I think of this particular occurrence as The Stressfest.
It went down like this: last night I got out of work at 9 and, by the time I ate and started looking at assignments, it was midnight. There were still 7 loads of laundry on my bed, the B kindly made dinner but the kitchen was still messy, various rooms in the house needed tidying and I hadn’t gotten anything graded. I had to be up at 7 to get ready for work, and then after work I was planning my workout. Now, I LOVE my 8:30 - 5:30 day at work. It gives me a chance to work out at night. Then B informed me that he had booked us for dinner at 6, so I had no option of working out after work.

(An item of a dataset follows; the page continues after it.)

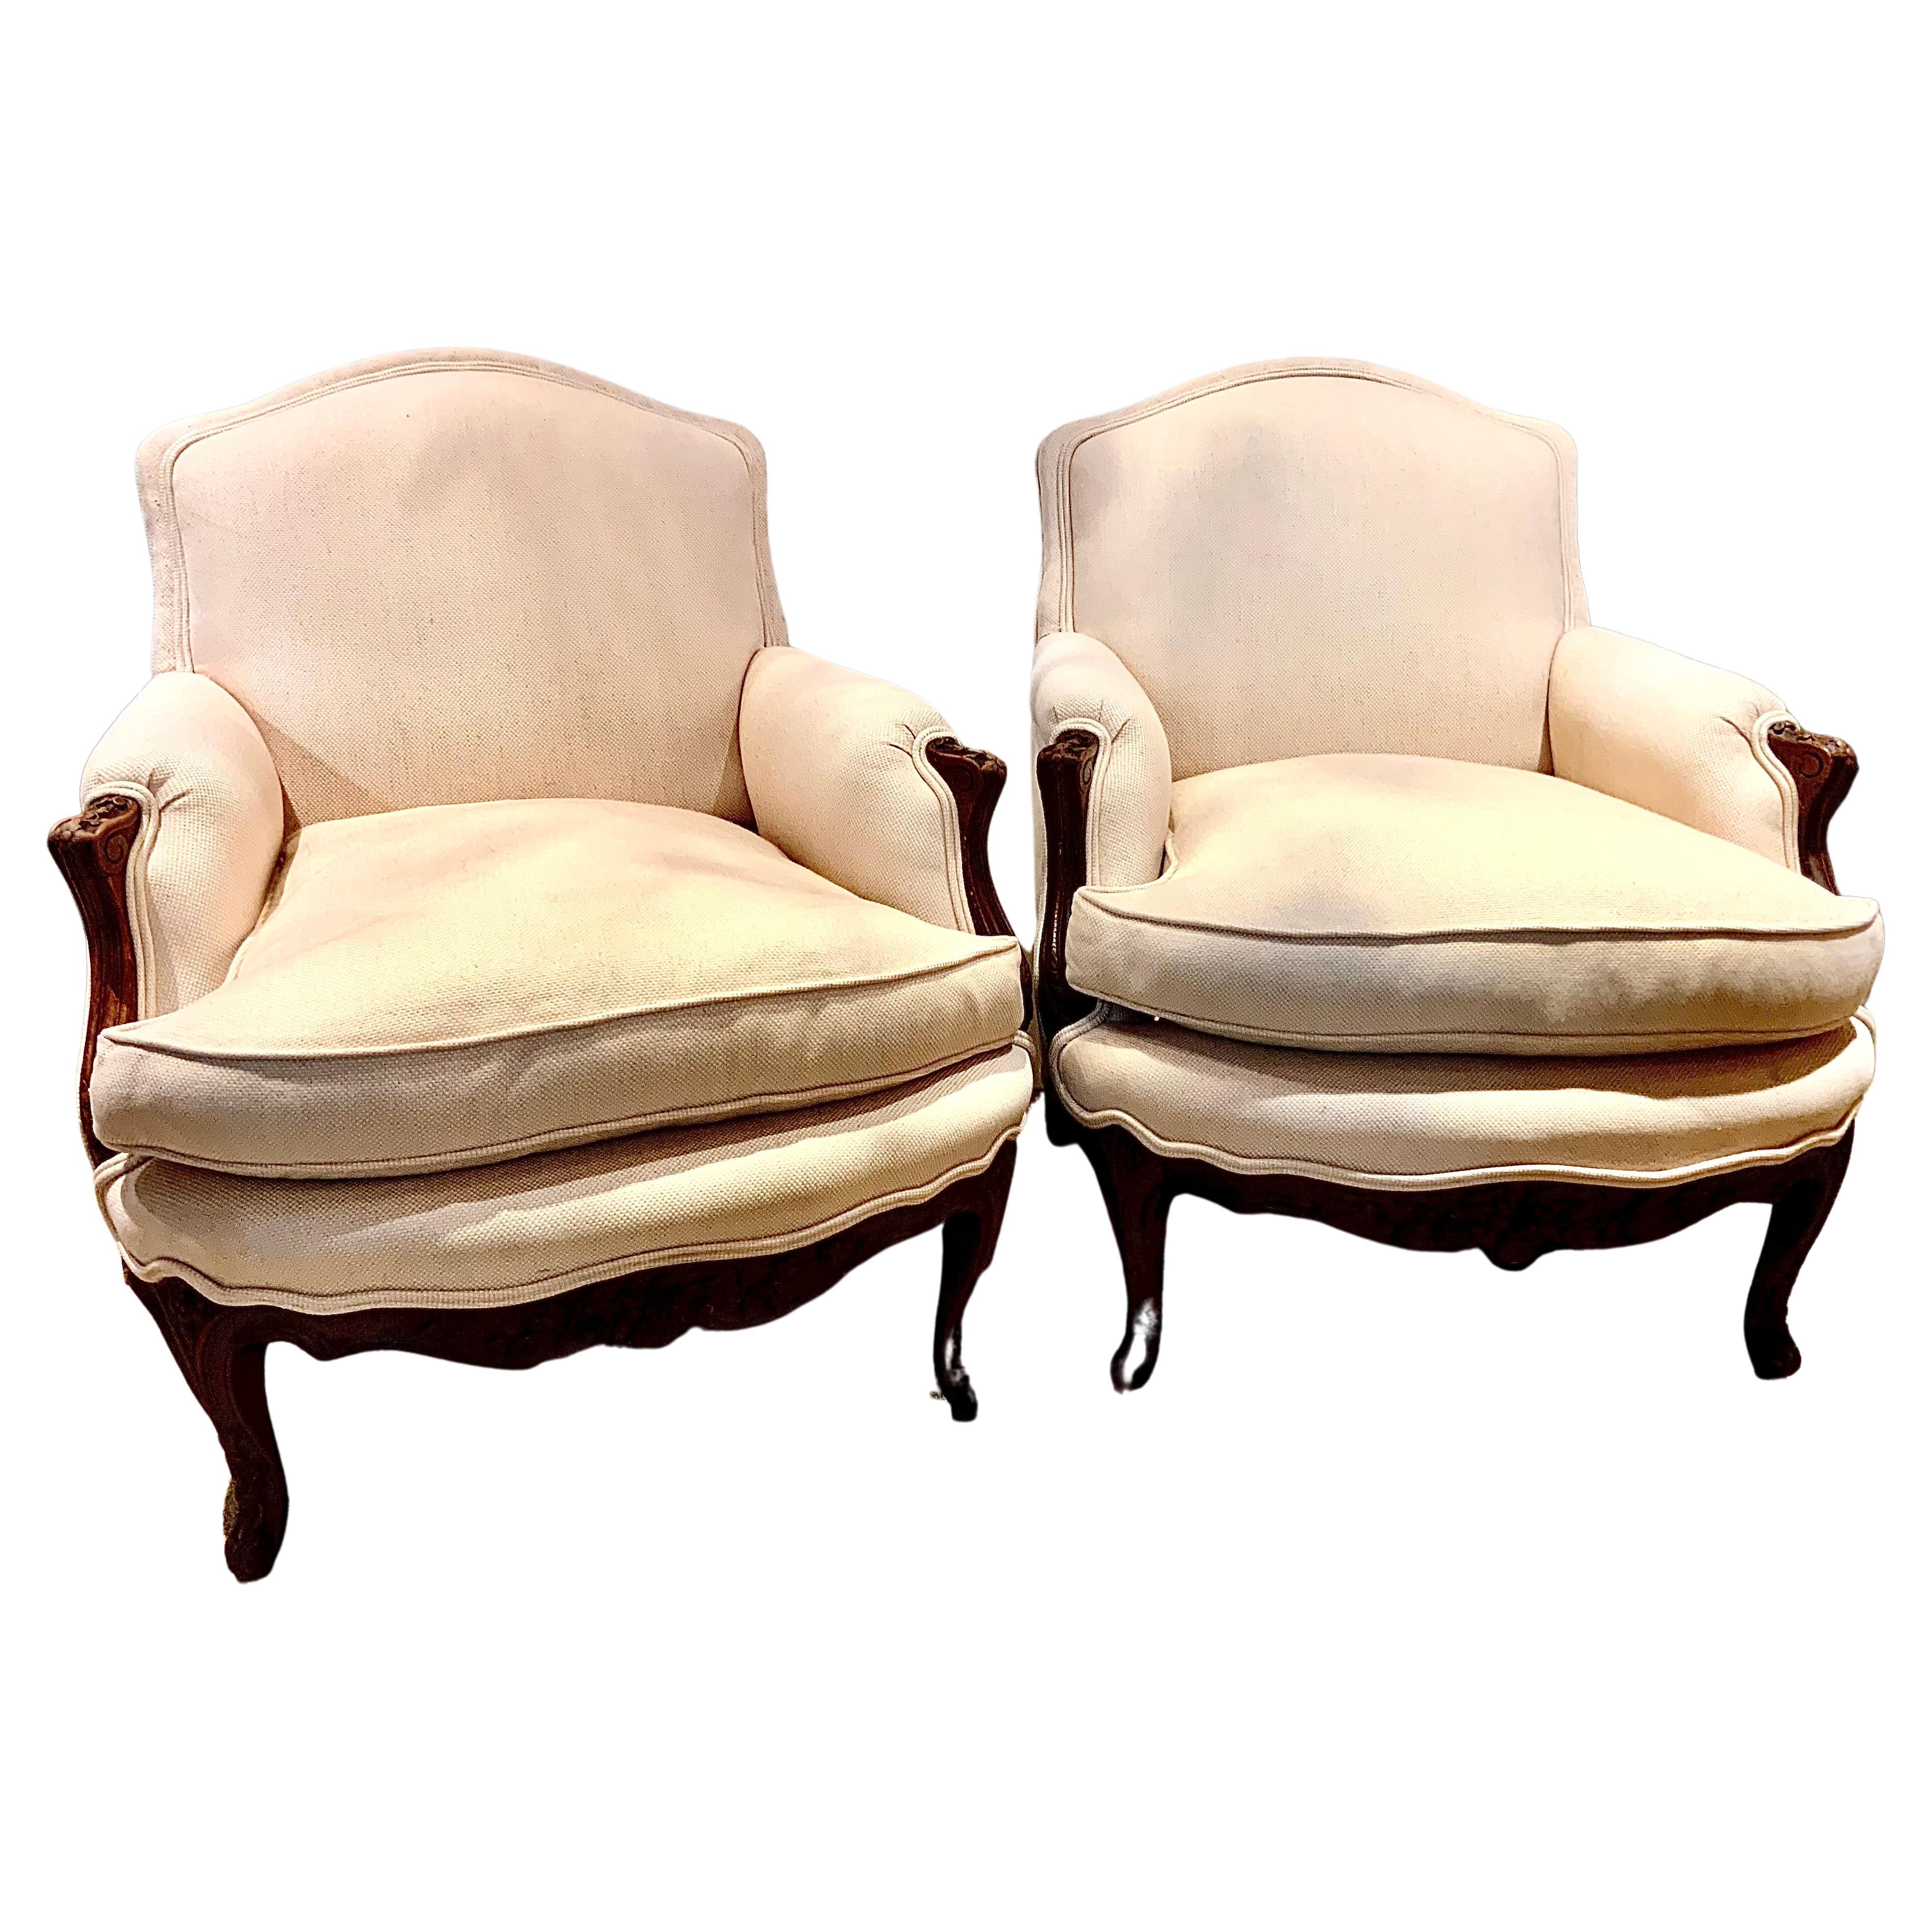 Pair of French Bergere Chairs, Louis XV-Style in Cream / White Hues For Sale

And I’ve already had 2 rest days this week, so I was ready to rumble. This unexpected dinner plan meant I had to get up at 5am to work out. Ok on race day; not so much on a night when I don’t get to bed until after 12.
I set my alarm for 5; sleep through it; can’t find any of my clothes because they’re all on the bed; realize I have only 2 pair of pants to my name (1 that doesn’t really fit and 1 that has a broken zipper); the shoes I pick are a little too big, but I never gave them away because they’re just so cute I couldn’t bear to do it, but I forget every time I go to wear them; I come home at lunch to change and burst into tears.
A couple hours later, an unsuspecting coworker who always sends out great quotes forwarded me an email with this familiar Thoreau verse in it:
“I have learned that if one advances confidently in the direction of his dreams,
and endeavors to live the life he has imagined,
he will meet with a success unexpected in common hours.”
–Henry David Thoreau
Well, sh1t. That’s exactly what the crap I’m doing.
I’m not saying that this completely relieves the burden, but it sure does help. And that won’t come without some hard work. Some days I’m going to be tired and have too much to do. Some days things will Just Have to Wait.
But I’m definitely endeavoring to live the life I have imagined. So how about we change The Stressfest to The Successfest?